NOTE: ORs with 95% CIs, for controls as reference group.

aAdjusted for born in Sweden or not, age, education level, parity, and BMI.

bAdjusted for born in Sweden or not, age, age at menarche, and education level.

cAdjusted for born in Sweden or not, age, education level, parity, and BMI.

Summary of findings for risk factors that displayed subtype heterogeneity are shown graphically as forest plots in Figure 1, separately by subtype. Luminal A and B showed very similar estimates, whereas the basal-like subtype displayed distinct features (Fig. 1).

Figure 1.

Forest plots summarizing observed heterogeneity of results for exposures breastfeeding, PRS, and HRT use across the subtypes. BF, breastfeeding; PRS, polygenic risk score; Q1–4, quartiles 1 to 4 of the PRS.

Figure 1.

Forest plots summarizing observed heterogeneity of results for exposures breastfeeding, PRS, and HRT use across the subtypes. BF, breastfeeding; PRS, polygenic risk score; Q1–4, quartiles 1 to 4 of the PRS.

Close modal

All analyses were repeated within a case-only design with luminal A as reference, yielding the same conclusions regarding heterogeneity for PRS, breastfeeding, and HRT use as the case–control analysis (Supplementary Tables S2–S4). Case-only analysis of self-reported BRCA mutations among cases showed that basal-like tumors had higher prevalence of BRCA mutations than other subtypes, with an OR of 11.31 (95% CI, 5.37–23.07) relative to luminal A tumors (Supplementary Table S2).

Sensitivity analysis

All findings were replicated albeit attenuated when using the St. Gallen IHC proxy to define subtypes, except for the heterogeneity found for HRT use, which was not observed (Supplementary Tables S5–S7).

Analysis of 2,632 breast cancer cases revealed evidence of subtype heterogeneity for three categories of risk factors: genetic susceptibility, HRT use, and breastfeeding. The 77-SNP PRS was exclusively associated with risk of non-basal–like subtypes, with the largest effect size for luminal A breast cancers. HRT use was associated with risk of the luminal A subtype only. Compared with nulliparous women, never breastfeeding was associated with an increased risk of basal-like breast cancer but not with risk of the other subtypes.
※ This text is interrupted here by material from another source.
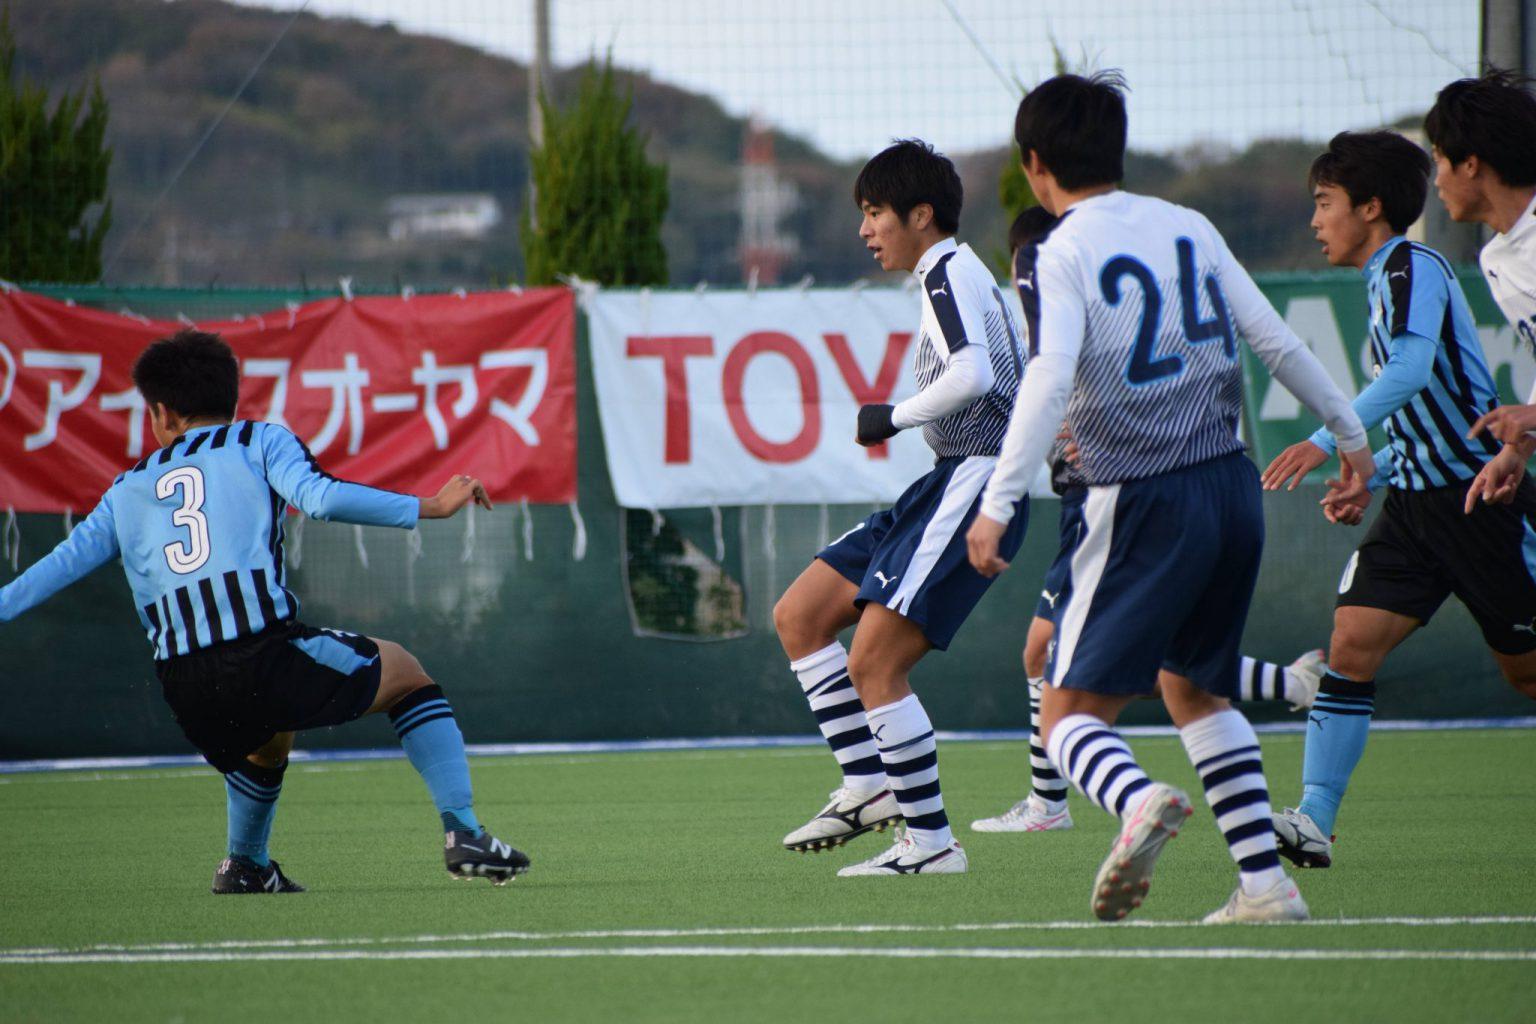 サッカー:SPL中国 11/28・岡山学芸館 試合結果

Among parous women, breastfeeding was protective for the luminal A, B, and basal-like subtypes but null-associated with the HER2-overexpressing subtype. Luminal A and B breast cancers were very similar in associations with most risk factors.

Both germline BRCA mutations (Supplementary Table S2) and PRS (Table 2) were differentially associated with subtypes, suggesting that in addition to the previously observed heterogeneity for BRCA1 mutations (1, 2), inherited low-risk variants could also differentially increase risk of specific breast cancer subtypes. BRCA1 mutations have been shown experimentally to result in accumulation of undifferentiated luminal progenitor cells (30–33), the suspected cell-of-origin of basal-like breast cancer (34, 35), but it is not known how or if low-risk SNPs could represent an etiologic difference between subtypes. Individual SNPs have been found to be associated with either subtype or ER status (36–39), supporting our finding for the PRS. The ER-negative weighted PRS was associated with basal-like breast cancer in our study thus showing potential as a complement or replacement to the overall PRS score for identification of women at risk of this aggressive disease. Collectively, these observations also indicate a role of germline variants beyond BRCA in distinct etiology of molecular subtypes, which should be further investigated.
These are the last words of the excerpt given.